The appellant filed this appeal on three grounds of appeal framed as follows:-


  1. That the learned Justices of appeal erred in mixed fact and law in holding that the appellant did not prove the alleged fraud to the required standard.


  1. That the learned Justices of appeal erred in mixed law and fact in admitting the oral testimony of DWI (Bushoberwa) in preference to the documentary evidence on the record regarding the alleged fraud and unfair play.


  1. That the learned Justices of Appeal erred in not granting the reliefs sought by the appellant".

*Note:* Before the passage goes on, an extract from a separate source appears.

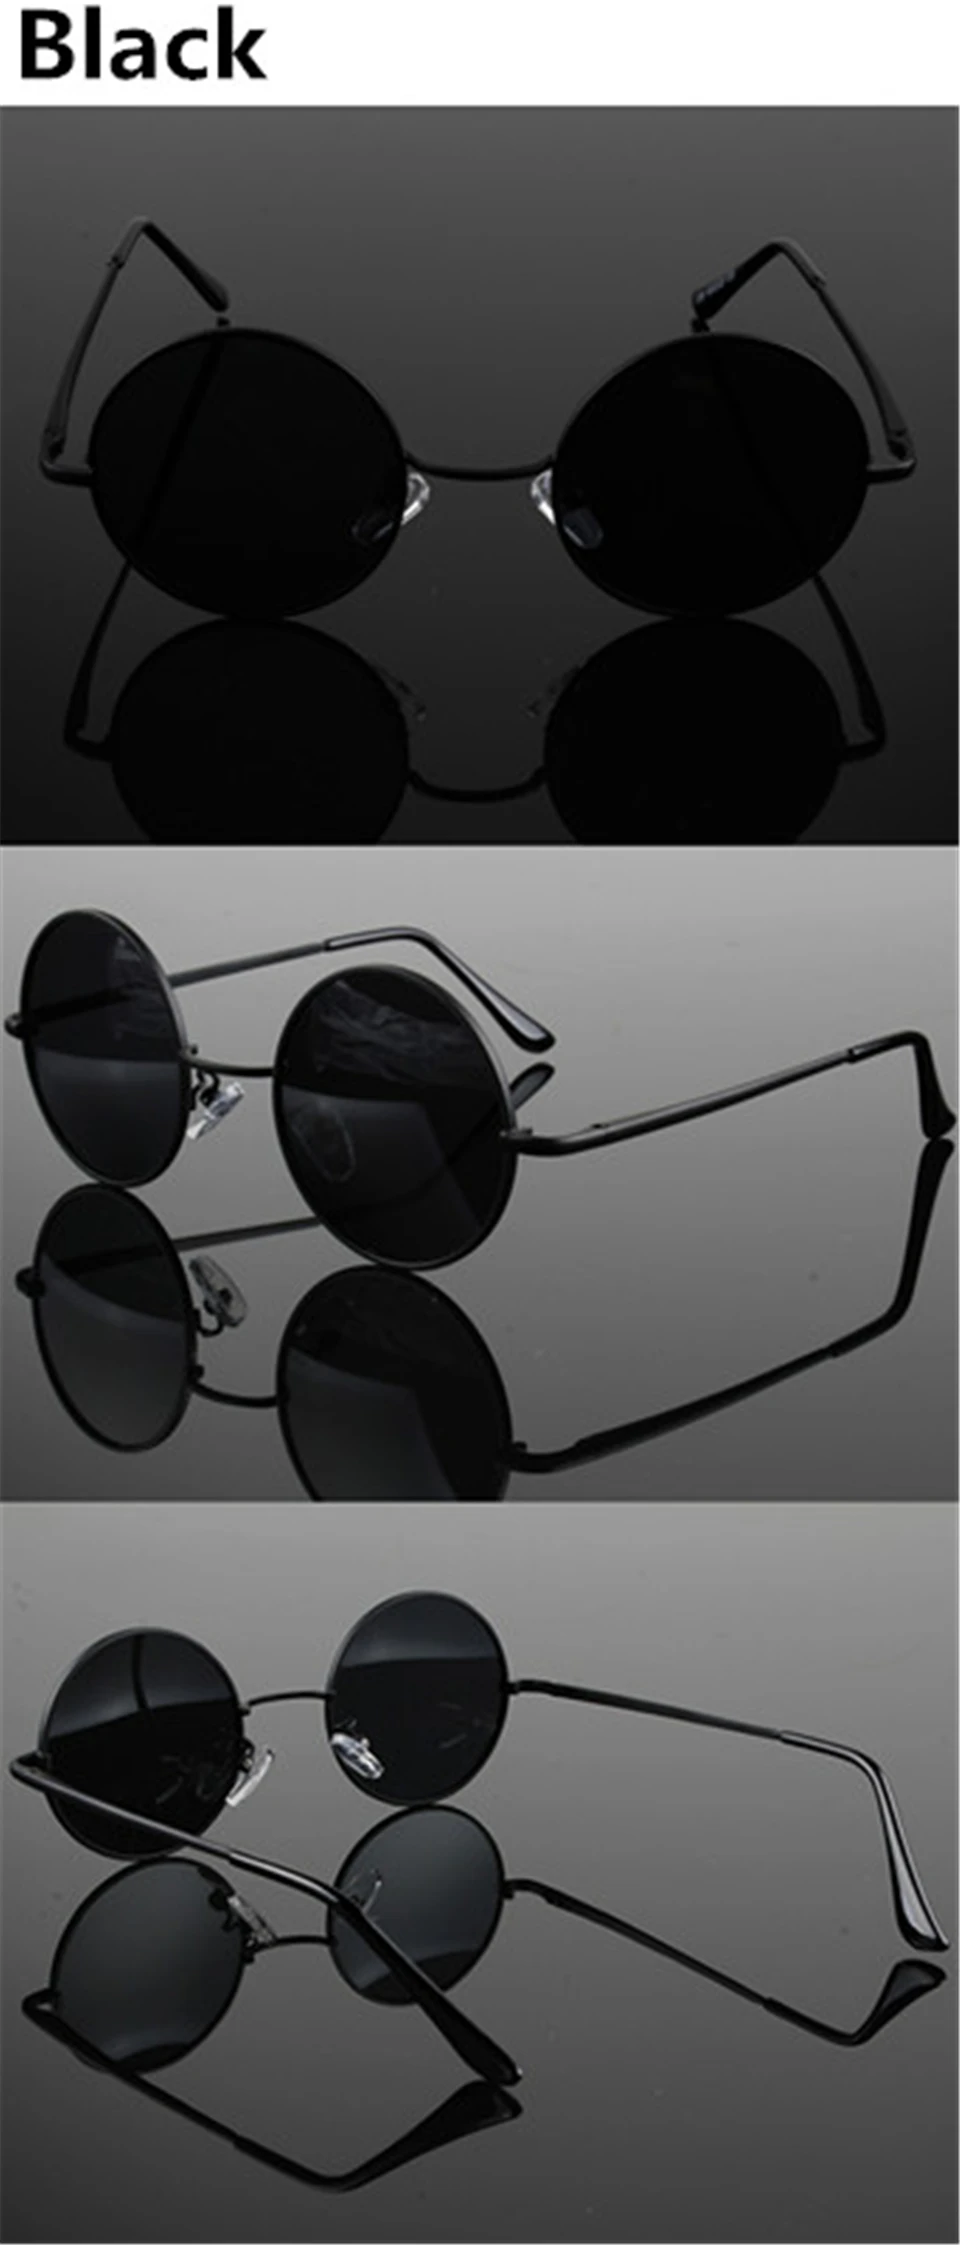 JAXIN Retro round sunglasses women fashion personality glasses men eye protection polarized oculos de sol masculino UV400 gafas sunglasses for women

Mr. Kibedi, Counsel for the Appellant, argued grounds 1 and 2 together, and for ground 3 he adopted his submissions in the Court of Appeal. I am constrained to observe, however, that what Counsel said in the Court of Appeal criticising the trial Judge could not be applicable in this court when criticising the Justices of Appeal, which in essence is the substance of ground 3 of appeal in this court.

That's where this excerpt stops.